#### Recorded data:
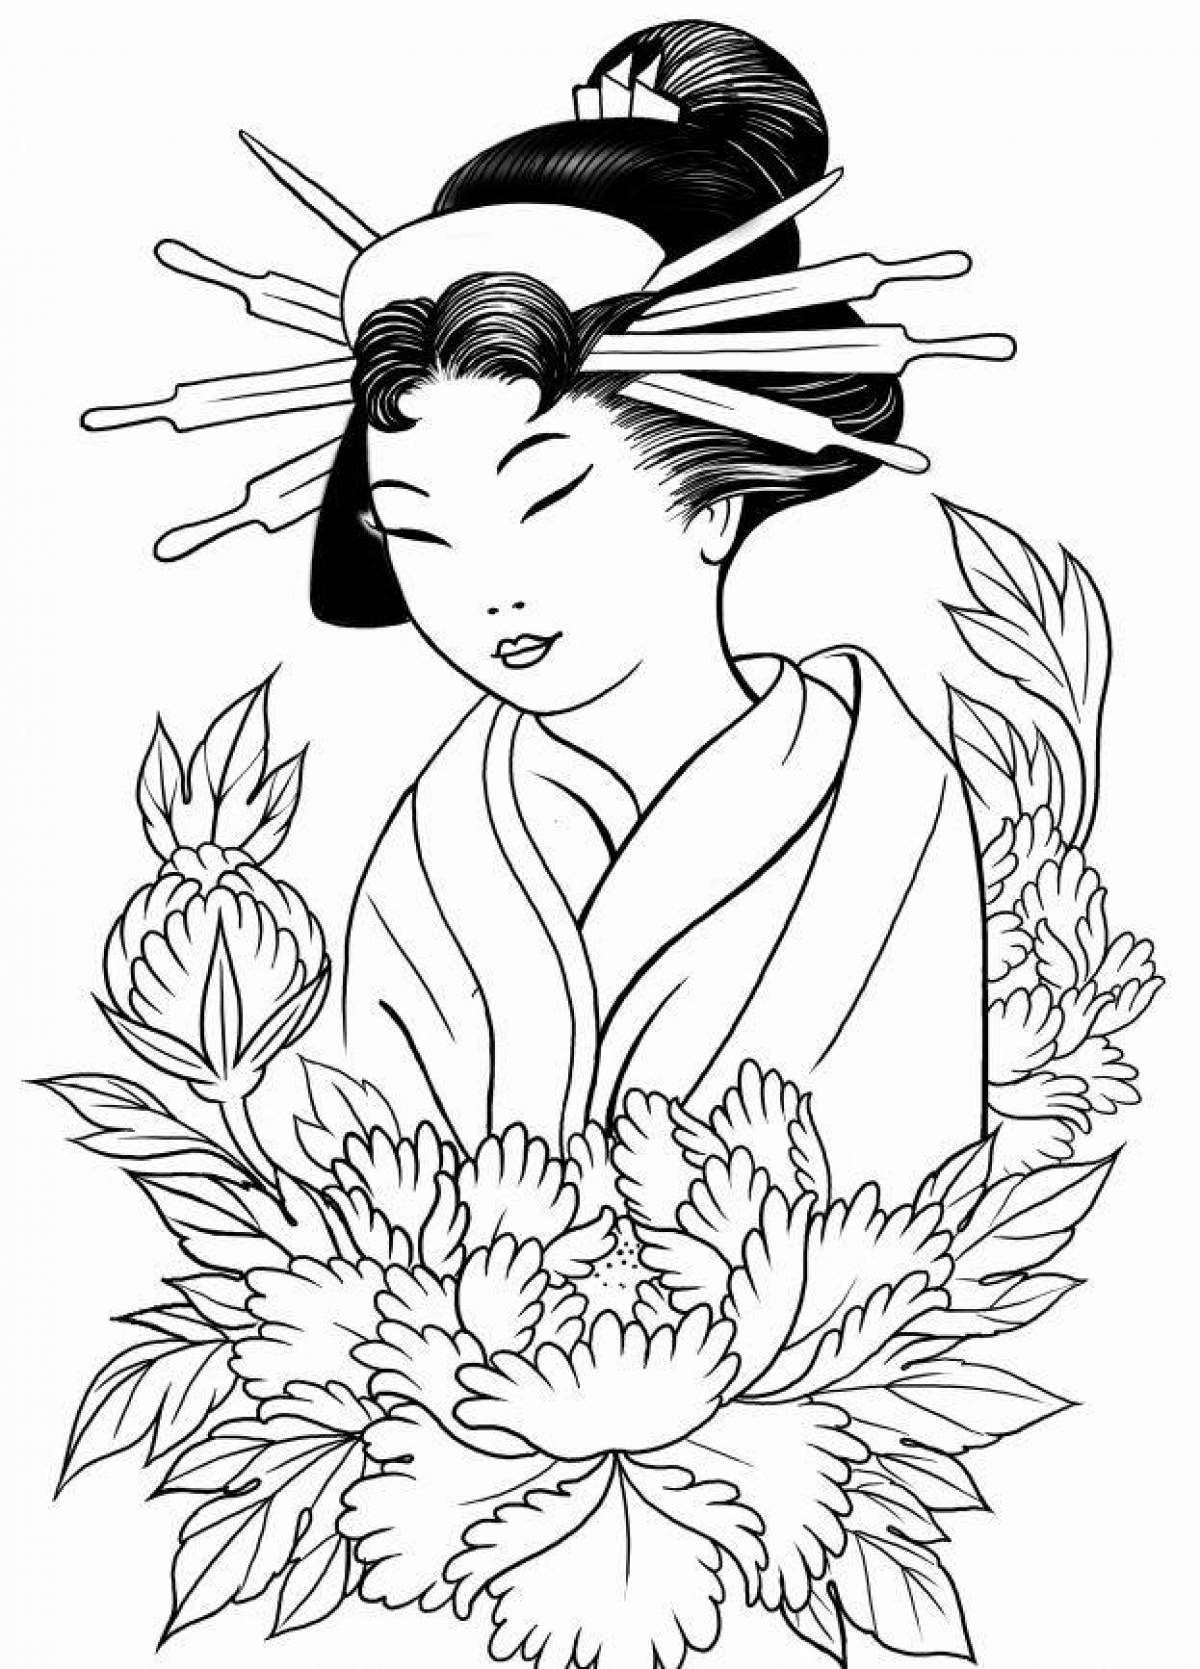 Coloring page joyful geisha
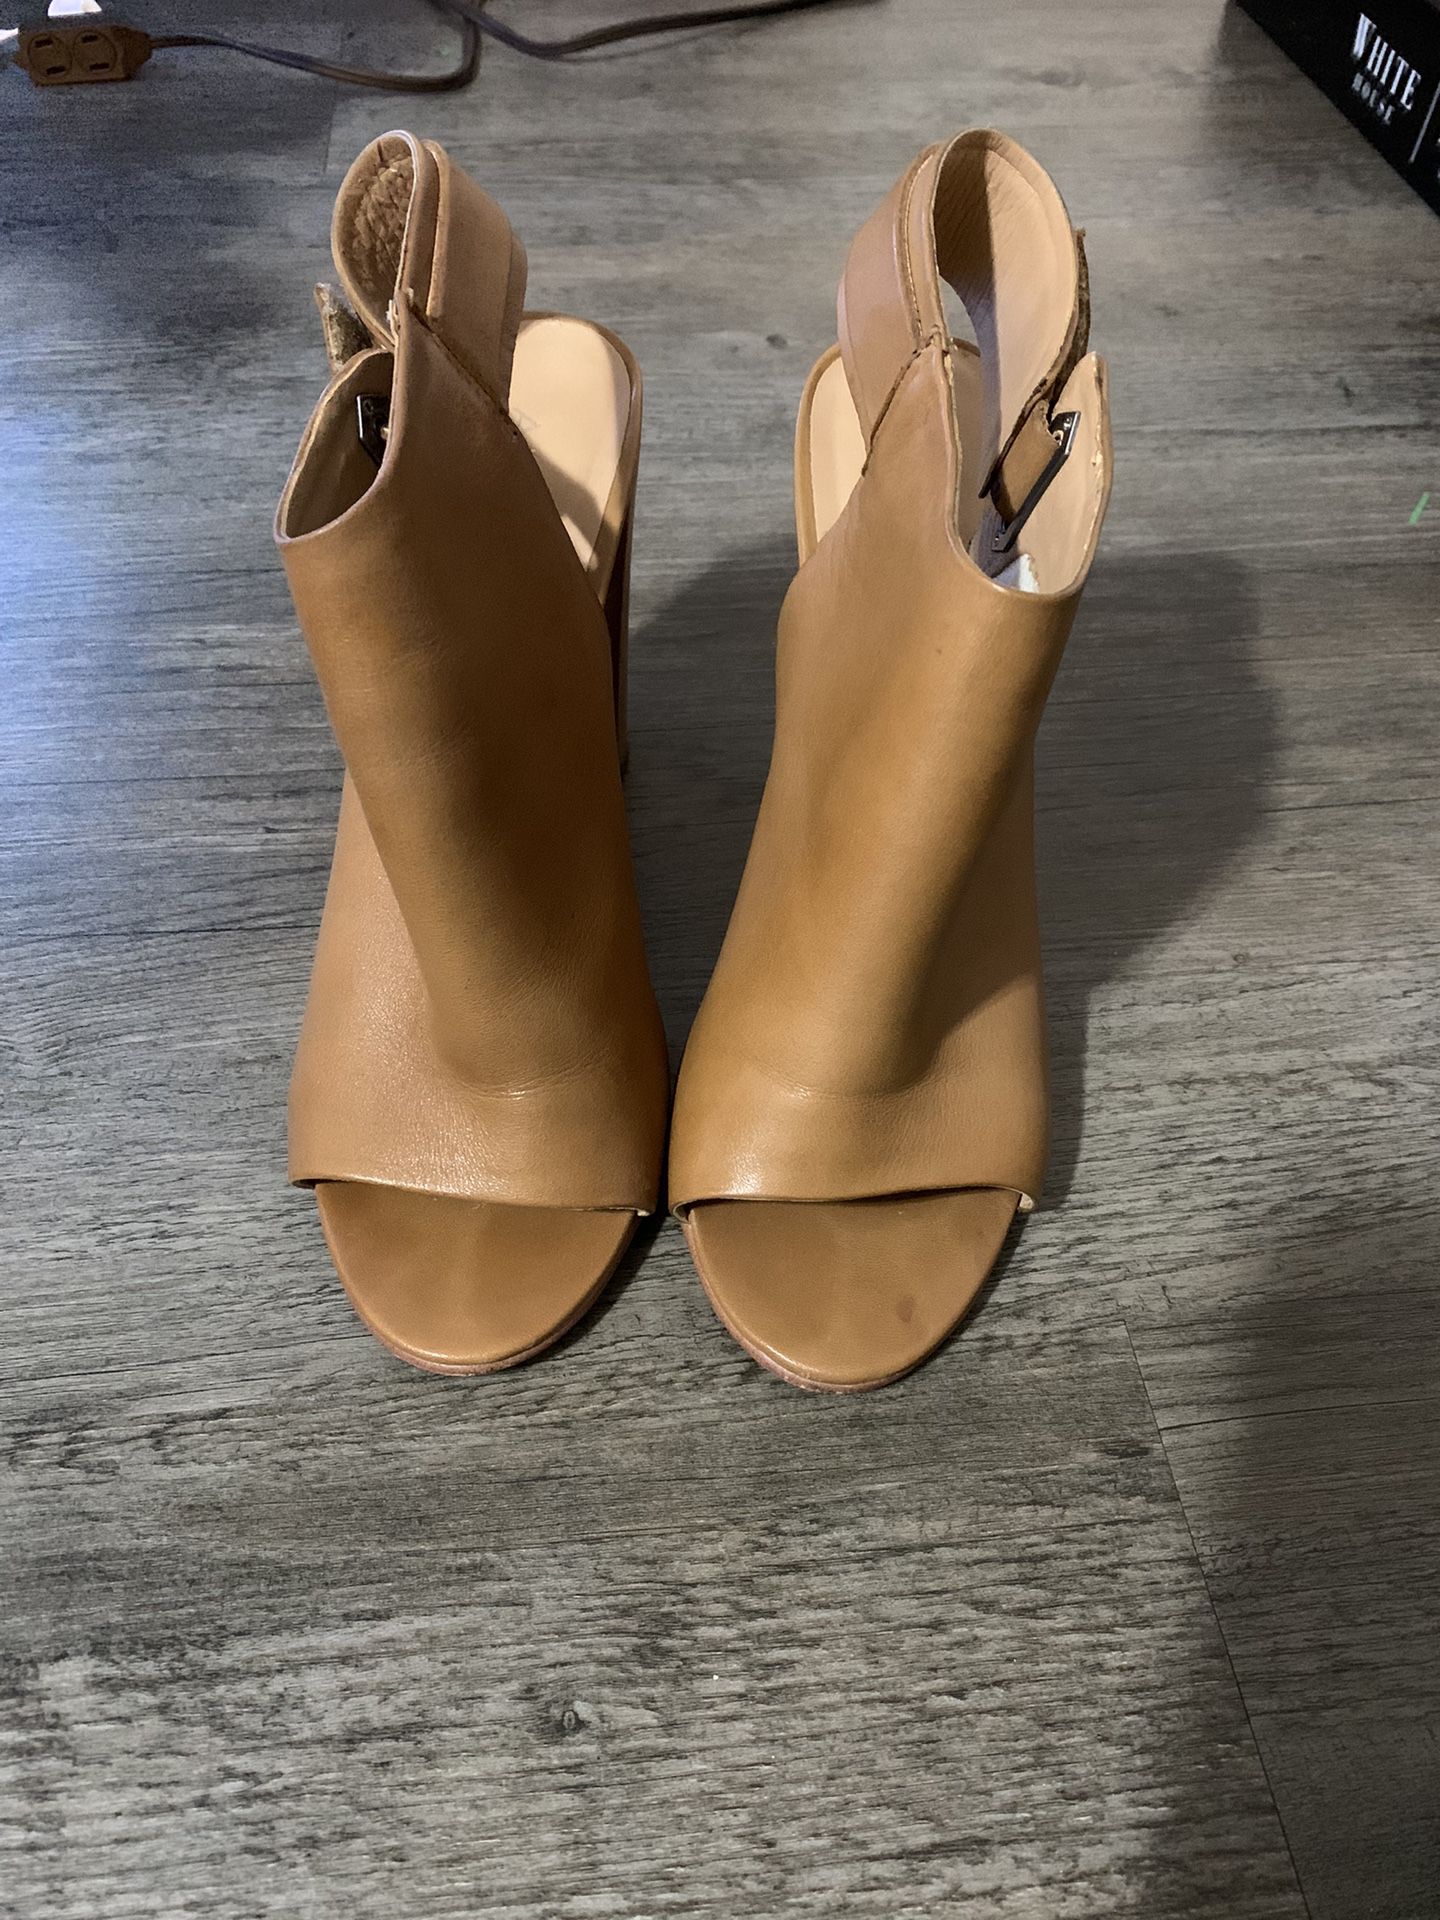 Size 9-10 Women’s Heels 
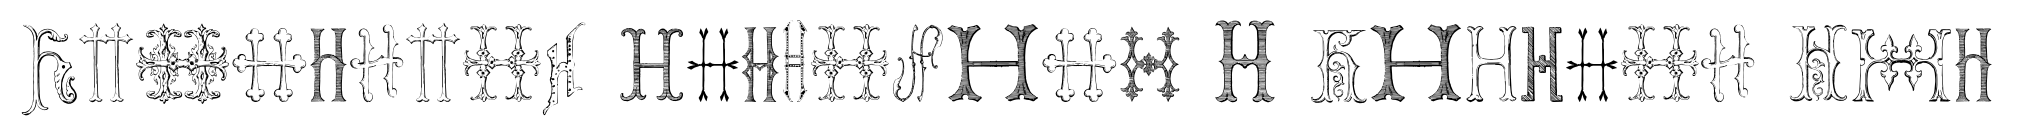 Victorian Alphabets H Regular Two image
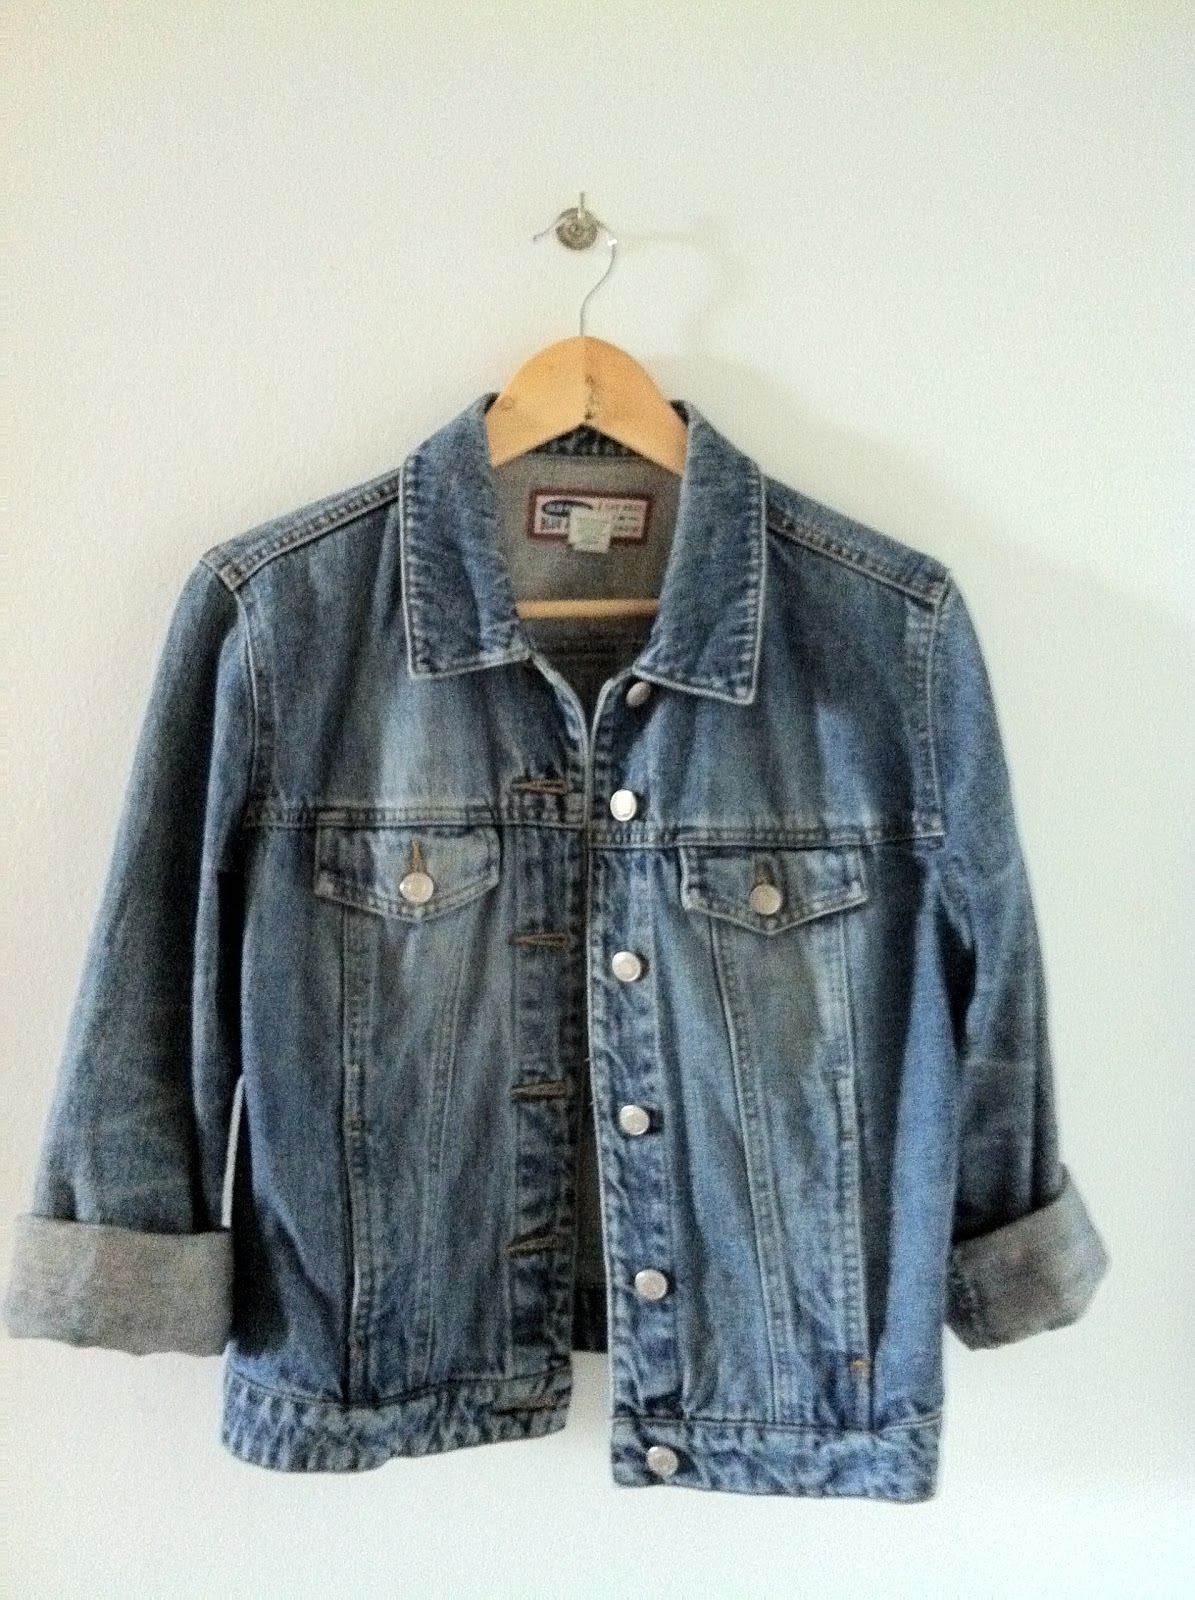 Fashion Atelier: Old Navy vintage jacket!

#### Problem to solve:
For the material above, repeat each line exactly and leave out the pictures.

#### Solution to this task:
 Coloring page joyful geisha
 Size 9-10 Women’s Heels 
 Victorian Alphabets H Regular Two image
 Fashion Atelier: Old Navy vintage jacket!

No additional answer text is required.